Chen et al. [46] reported the design and synthesis of PdNps (Pd-Cys@MTX@RGD) as a nanotherapy agent that can target inflammatory cells and control MTX release. The Pd-Cys@MTX@RGD nanosheets served as an NIR photothermal agent with selective targeting potential towards peptides overexpressed on the surface of inflamed arthritic tissues. Pd-Cys@MTX@RGD nanosheets were observed to mediate the controlled release of MTX upon NIR 808 nm laser irradiation with a power density of 0.3 W cm2. This was associated with a significant reduction in the toxicity issues associated with MTX. It was advocated that, like MTX, other therapeutic agents can be combined with PTT to amplify its medicinal benefits (Figure 9). The agent in question inhibited the inflammatory response induced by vascular endothelial growth factor (VEGF) and IL-1β. This was correlated with its in vivo performance, which significantly inhibited RA and led to a reduced level of pro-inflammatory cytokines (TNF-α, COX-2).
PTT and antioxidant combination therapies employing Pd and Se NPs delivery devices are effective treatments for RA. The straightforward polymerization procedure that created polypyrrole (PPy) NPs employed PEI as a stabilizer. The created PPY-PEI NPs showed significant NIR absorption and exhibited good photothermal stability and performance [47]. A methylcellulose hydrogel co-loaded with PPY-PEI and strontium ranelate (SrR) was utilised to treat RA.
A unique method for the treatment of RA involved the use of CuS NPs based on copper NPs and a novel l-cysteine-assisted synthesis. In addition to stimulating chondrogenesis and osteogenesis, copper acts as a photothermal and photosensitizer. In vitro investigations have shown outstanding biocompatibility and excellent photothermal and photodynamic effects.

4.5. Gene Therapy-Combined Photothermal Therapy of Arthritis

RNA interference (RNAi) is a cellular process that silences messenger RNA (mRNA)-based genes post-transcriptionally, and small interference RNA (siRNA)-based silencing is only temporary. Hence, new methods have been devised and described to produce longer-lasting silencing. The use of short hairpin RNA (shRNA), for example, is a vector-encoded technique that can be employed for long-lasting, reliable cell silencing. Small interfering RNA (siRNA), which is highly specific and effective in terms of silencing genes, is a critical component that is mediated by RNA interference [28]. An intravenous dose of Cy5-labeled siRNA/WS was used by Pan et al. [27] to test the therapeutic activity of their wrap some (WS)-containing siRNA (with a core constituted of a cationic lipid bilayer and an siRNA complex enveloped in a neutral lipid bilayer in PEG over the surface). In addition, they used the arthritis scores among CIA mice to demonstrate the effectiveness of siRNA’s ability to target tumour necrosis factor (TNF-/WS).
RGD-functionalised, siRNA-loaded poly (lactide-co-glycolide) NPs were created by Scheinman et al. [48] as a nanosystem for STAT1 siRNA delivery to the joint tissues of a CIA mice model. After siRNA was enclosed, the researchers examined the stability and nanoparticle-related properties.

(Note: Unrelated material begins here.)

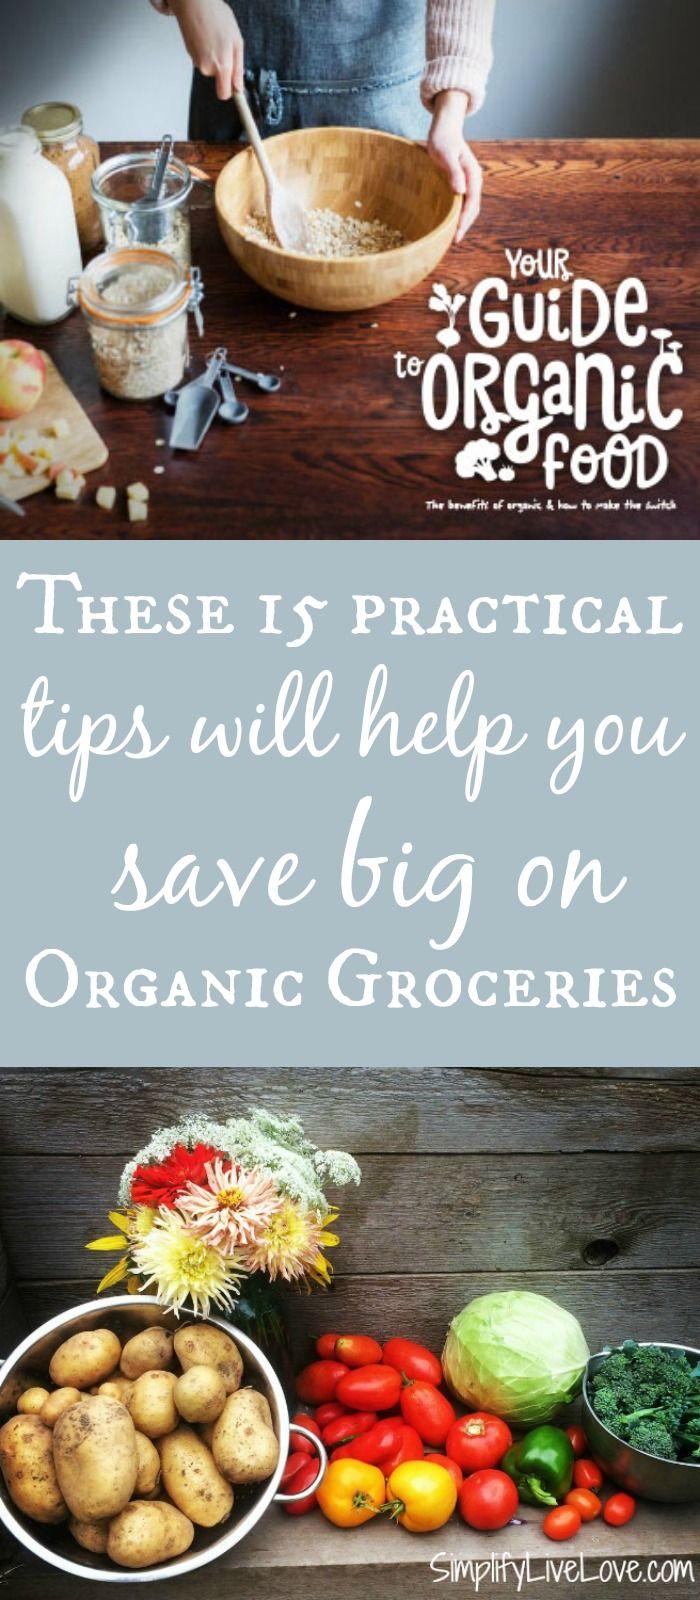 15 practical tips to help you save big on organic groceries. #alwaysorganic #ad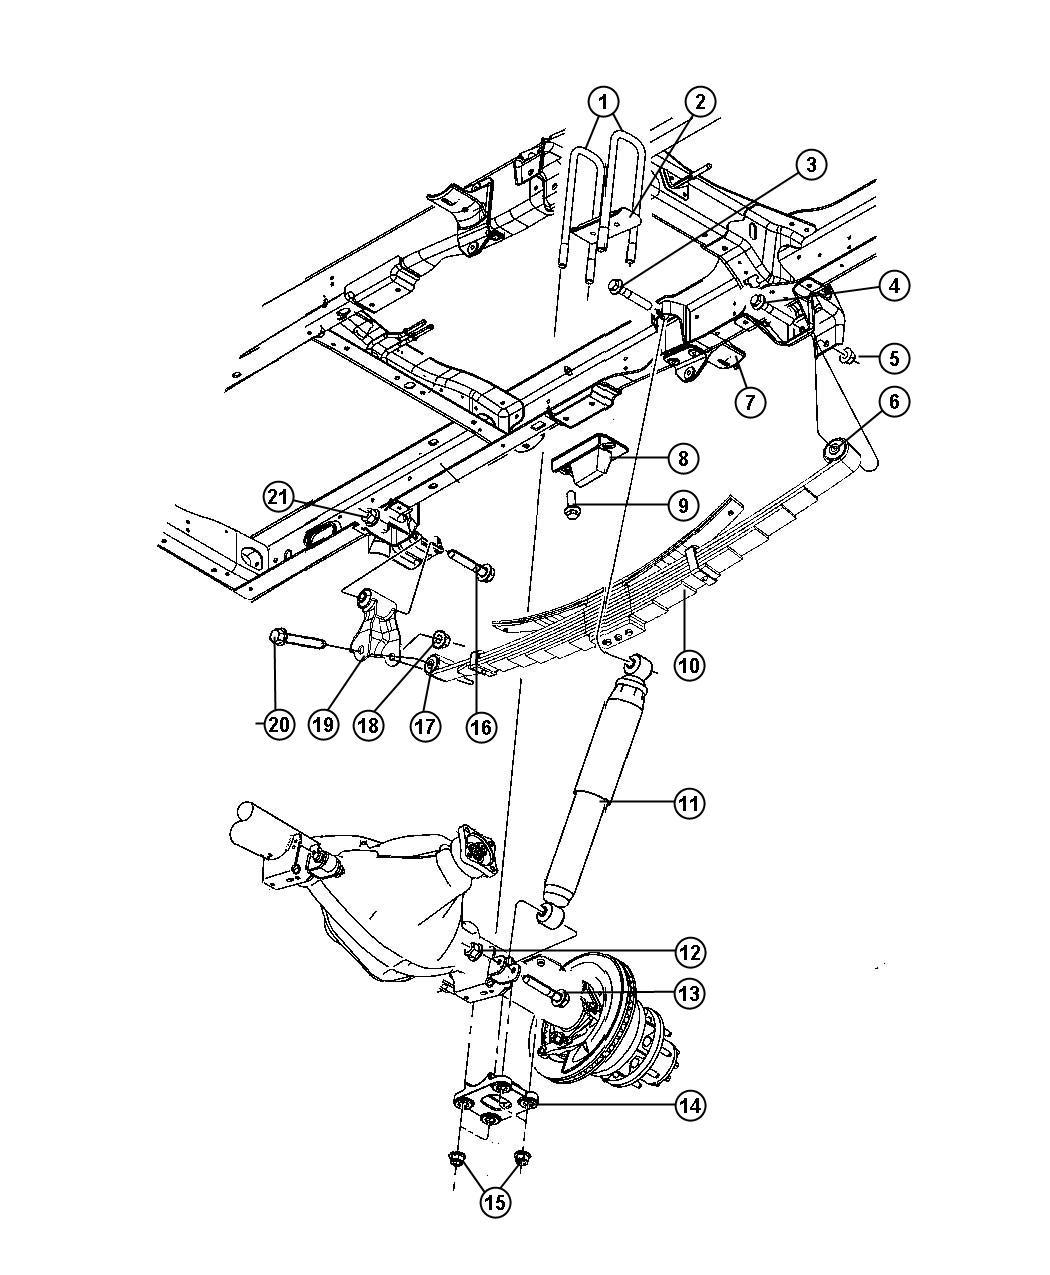 tags: #1999 dodge ram 1500 front axle diagram#99 dodge ram 1500 front  suspension diagram#2004 dodge ram parts diagram#2014 ram 2500 rear  suspension

According to morphological analysis, RGD-NPs have a size range of 100–200 nm and a net positive charge, which may result from RGD functionalization. The presence of the RGD peptide on the NPs outer surface improves tissue uptake by 10–200 times in arthritis-prone mice, and PLGA NPs shield siRNA from serum breakdown. Compared to the control group, the group of arthritic mice that was treated with RGD functionalization showed improved lung delivery of NPs. For the treatment of arthritis, RGD-functionalised PLGA NPs encapsulating STAT1-targeted siRNAs may be more efficient, presumably by selectively inhibiting macrophage and dendritic cell activation.
For the treatment of RA, Park et al. created PLGA NPs that were loaded with Dex and siRNA. In this study, PLGA NPs were first loaded with Dex before being combined with PEI/siRNA [23]. Then, green fluorescence protein siRNA (GFP siRNA) and medications were transfected into the human chondrocyte cell line (C28/I2) to evaluate the co-delivery of siRNA and Dex. For the treatment of persistent skin inflammations, Desai et al. [49] created cyclic cationic head lipid–polymer hybrid nanocarriers (CyLiPns) packed with the analgesic Capsaicin (Cap) and anti-TNF siRNA (siTNF). A few of the photothermal combined therapies are illustrated in Table 2.

5. Conclusions

Polymer-based NMs and PTT have led to tremendous growth in nanomedicine, which has been proven through various publications and clinical trials over the past years. The combined effect of PTT and polymer NMs has revealed multiple advantages compared to conventional therapies such as radiotherapy, chemotherapy, and immunotherapy for treating diseases such as cancers and RA. Polymer-based NMs are cost-effective, biocompatible, and beneficial materials that are easily functionalised with functional groups. They can convert light to heat energy and thus enhance their own photothermal conversion efficiency. They are used as nanocarriers for controlled drug release that improve the efficacy of RA treatment and reduce the disease’s side effects. With the help of NMs, drugs bind to specific target sites, produce signals for imaging determinations, and generate ROS to support PTT and PDT performance. This review expounds on various polymer-based NMs for the photothermal therapy of RA, including Au, Cu, iron oxide, black phosphorous, quantum dots, and palladium. These NMs have achieved excellent improvement in the treatment of RA via their combination with PTT. However, many issues still need to be discussed, such as their low photothermal conversion efficacy, safety, and low in vivo efficiency, which limit their clinical applications. In addition, their accumulation in non-targeted cells or tissues is another problematic issue. Thus, besides their effective treatment efficiency, the interaction of such polymer NMs with tissues is a matter of concern that requires further investigation to determine their potential applications. In the future, we believe that nanotechnology and advanced polymer-based NMs will play a vital role in treating RA.

Author Contributions

M.T.: Writing—original draft, data curation, review and editing, formal analysis, P.P.: review and editing, R.G.: review, editing, data curation, B.P.: review and editing, validation, R.K.T.: review and editing; and M.C.S.: supervision, project administration. All authors have read and agreed to the published version of the manuscript.

Funding

This research received no external funding.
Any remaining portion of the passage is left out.